Gethin heard me, because, smiling, he said, "Nay, Princess, 'tis an Each Uisge. It's the water horse of the Highlands, and nothin' is meaner than the Highland folk, unless maybe the Border folk." He hugged the pony again, and it nickered at him again like a long-lost pet.

Others came forward then, with eager hands. There were hairy brown creatures that were not quite horses, but not quite anything else. They looked unfinished, but the sluagh cried gladly at the sight of them. There was a huge black boar with tentacles on either side of its snout. There were black hounds, huge and fierce, with eyes that were too large for their faces, like the hounds in the old Hans Christian Andersen story about dogs with eyes as big as plates. Their huge round eyes were red and glowing, and their mouths were too wide, and seemed unable to close, so that their tongues lolled out around pointed teeth.

A huge tentacle the width of a man dangled from the ceiling. I looked up to find that it covered the ceiling. I'd seen the tentacles at the hospital and in Los Angeles, but I'd never seen more than the tentacles. Now I gazed up at the entire creature. It took up the entire upper dome of the huge ceiling. It clung to the surface much as the nightflyers did, but its tentacles didn't help it cling. They were turned outward, and dangled like fleshy stalactites.

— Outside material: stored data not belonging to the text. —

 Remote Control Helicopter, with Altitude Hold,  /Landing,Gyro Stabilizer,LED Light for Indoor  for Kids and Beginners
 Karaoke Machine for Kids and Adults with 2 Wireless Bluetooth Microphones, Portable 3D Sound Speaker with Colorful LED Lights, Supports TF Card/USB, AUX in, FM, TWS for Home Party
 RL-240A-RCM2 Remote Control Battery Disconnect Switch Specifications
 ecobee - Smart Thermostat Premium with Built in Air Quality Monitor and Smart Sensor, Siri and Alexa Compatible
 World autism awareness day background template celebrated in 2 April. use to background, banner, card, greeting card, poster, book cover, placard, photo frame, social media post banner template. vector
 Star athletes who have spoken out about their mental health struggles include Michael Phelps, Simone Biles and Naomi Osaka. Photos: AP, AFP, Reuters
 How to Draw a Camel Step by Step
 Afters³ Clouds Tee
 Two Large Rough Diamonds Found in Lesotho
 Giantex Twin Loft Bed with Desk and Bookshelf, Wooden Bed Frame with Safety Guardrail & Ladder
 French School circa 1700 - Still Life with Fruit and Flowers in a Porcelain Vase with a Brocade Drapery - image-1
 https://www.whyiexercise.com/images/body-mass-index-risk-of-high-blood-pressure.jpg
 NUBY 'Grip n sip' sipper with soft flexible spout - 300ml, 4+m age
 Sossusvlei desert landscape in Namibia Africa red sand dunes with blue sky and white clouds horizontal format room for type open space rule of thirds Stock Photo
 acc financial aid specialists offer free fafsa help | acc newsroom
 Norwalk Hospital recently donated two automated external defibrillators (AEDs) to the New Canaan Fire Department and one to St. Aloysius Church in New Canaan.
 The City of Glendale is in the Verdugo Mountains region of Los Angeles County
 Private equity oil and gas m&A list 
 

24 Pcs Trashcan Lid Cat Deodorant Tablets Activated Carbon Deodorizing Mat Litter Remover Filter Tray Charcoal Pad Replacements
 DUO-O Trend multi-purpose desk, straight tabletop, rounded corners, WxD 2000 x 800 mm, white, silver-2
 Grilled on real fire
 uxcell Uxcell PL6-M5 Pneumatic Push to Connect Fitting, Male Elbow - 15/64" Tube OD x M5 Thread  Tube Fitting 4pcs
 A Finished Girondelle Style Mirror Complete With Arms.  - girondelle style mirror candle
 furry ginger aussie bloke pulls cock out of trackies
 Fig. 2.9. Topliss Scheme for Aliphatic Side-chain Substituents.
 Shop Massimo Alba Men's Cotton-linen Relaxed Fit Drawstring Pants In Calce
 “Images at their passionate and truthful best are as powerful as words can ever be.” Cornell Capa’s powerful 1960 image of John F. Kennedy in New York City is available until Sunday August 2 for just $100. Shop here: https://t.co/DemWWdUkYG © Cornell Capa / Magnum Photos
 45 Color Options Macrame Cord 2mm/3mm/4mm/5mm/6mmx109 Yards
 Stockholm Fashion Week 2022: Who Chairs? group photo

Two huge eyes gazed down at us, and the moment I saw the eyes I thought, "It's like some kind of humongous octopus," but no octopus ever had so many arms, so much flesh.

That long tentacle touched the last glowing shreds of the magic, and suddenly there was a man-sized version of the tentacled creature. All the other things that had formed from the magic had been animals: dogs, horses, pigs. But this was obviously a baby of what clung to the ceiling.

The tentacles on the ceiling gave a glad cry, which echoed in the hall and made some flinch, but most smile. The huge tentacle picked up the smaller version, and lifted it to the ceiling. The tentacled creature that I had no name for clung to the larger tentacle and made small happy sounds.

Sholto turned a tearstained face to me. "She has been alone so very long. The Goddess does still love us."

I put an arm around him, a hand on Mistral. "The Goddess loves us all, Sholto."

"The Queen has been the face of the Goddess for so long, Meredith, and she has no love of anyone."

In my head, I thought, "She loves Cel, her son." Out loud I said only, "I love."

He kissed me on the forehead, ever so gently. "I'd forgotten what it was to be loved."

I did the only thing I could. I went up on tiptoe and kissed him. "I will remind you." I gave him all that he needed to see in my face as I gazed up at him, but part of me was wondering where the healer was. I was going to be queen, and that meant that no one person was so dear as all of them. I was having one of those moments now. I was happy that Sholto was happy, and happier for his people and the return of so much, but I wanted Mistral to live. Where was the healer while the miracles of the Goddess were happening?

The nightflyers poured back from the far tunnel. "They will have the healer with them," Sholto said, as if he'd read my doubts in my face. There was a sadness around the edges of his happiness. He knew that he would never be my one and only. I was queen, and even more than most, my loyalties were divided among my people.